Когда дочкины разговоры о гимнастике стали сопровождаться слезами, я все же начала искать подходящее место занятий. Как вариант рассматривала возможность попасть в школу олимпийского резерва (академий у Ирины Винер[7] тогда еще не было). Мне дали телефон завуча школы олимпийского резерва, Елены Львовны. В 2006-м, сразу после Нового года, я ей позвонила и объявила о желании моей дочери стать великой спортсменкой. Елена Львовна сразу спросила, какого года рождения моя дочь. Услышав о 96-м, просто рассмеялась и посоветовала идти в спортивную школу по месту жительства: к десяти годам в этом виде спорта в России дети владеют всеми гимнастическими предметами и, как правило, уже имеют І взрослый разряд.
Мы жили тогда около Спортивной школы № 35 в Новых Черемушках. Как-то весной после работы я туда заехала и узнала, что можно попасть к тренеру Наталье Михайловне Грачевой. Красивая, изящная, словно куколка, спокойная и доброжелательная, она сразу мне понравилась: совсем не вписывалась в мои представления о жестких и даже жестоких тренерах, о которых я была наслышана.

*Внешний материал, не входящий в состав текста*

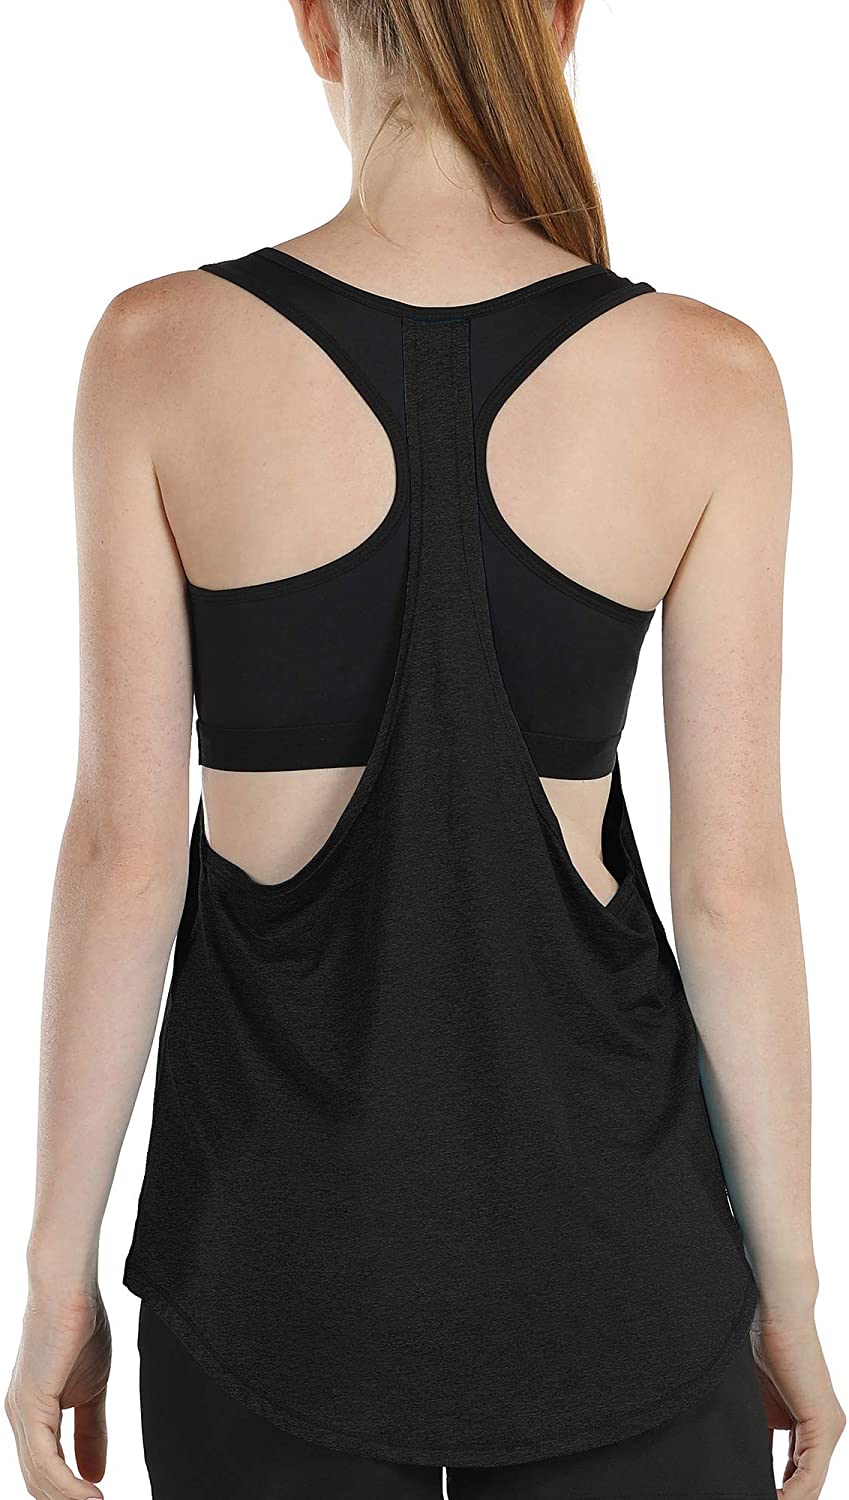 icyzone Workout Tank Tops for Women T-Back Running Tank Top Athletic Yoga Shirts

Посмотрев Анечку в первый раз, тренер тоже не увидела никаких выдающихся способностей. Не могу сказать, что это меня опечалило. Я действительно не представляла, во что ввязываюсь. Наталья Михайловна спросила, чего хочу от тренировок. Я искренне ответила: «Честно – ничего. Лишь бы это не навредило ее здоровью». Тем не менее рассказала тренеру о желании девочки стать чемпионкой. С мая 2006 года я стала три раза в неделю привозить дочь на двухчасовые тренировки. Через две недели занятий Наталья Михайловна захотела поговорить со мной еще раз (наверное, все-таки что-то такое разглядела в девочке). Она предложила поехать с ее группой на море в июне, но у нас уже была путевка в «Артек», купленная еще весной, до «появления» гимнастики. Тогда тренер рассказала о сборах в августе. С них-то и началось серьезное погружение в спортивный мир.
* * *
Да, моя девочка всегда была для меня особенной. Но понимаю, что «мамашкой» я была типично российской – требовательной и скуповатой на похвалу. До «еврейской» мамы мне, конечно же, было далеко. И слава Богу. Очень показательным для меня стал фильм по автобиографическому роману Ромена Гари «Обещание на рассвете»[8]. Посмотрев его недавно, я еще раз убедилась, что еврейская мама – это что-то уникальное, это как печать, как диагноз, особенно если речь о сыне. В фильме мамаша с самого его детства внушала ему и всем окружающим, в кого ее чадо превратится в будущем, программируя все последующие действия мальчика. Жестко, без вариантов, она не оставляла сначала ребенку, потом уже подростку и молодому человеку ни малейшей возможности хоть как-то управлять своей жизнью.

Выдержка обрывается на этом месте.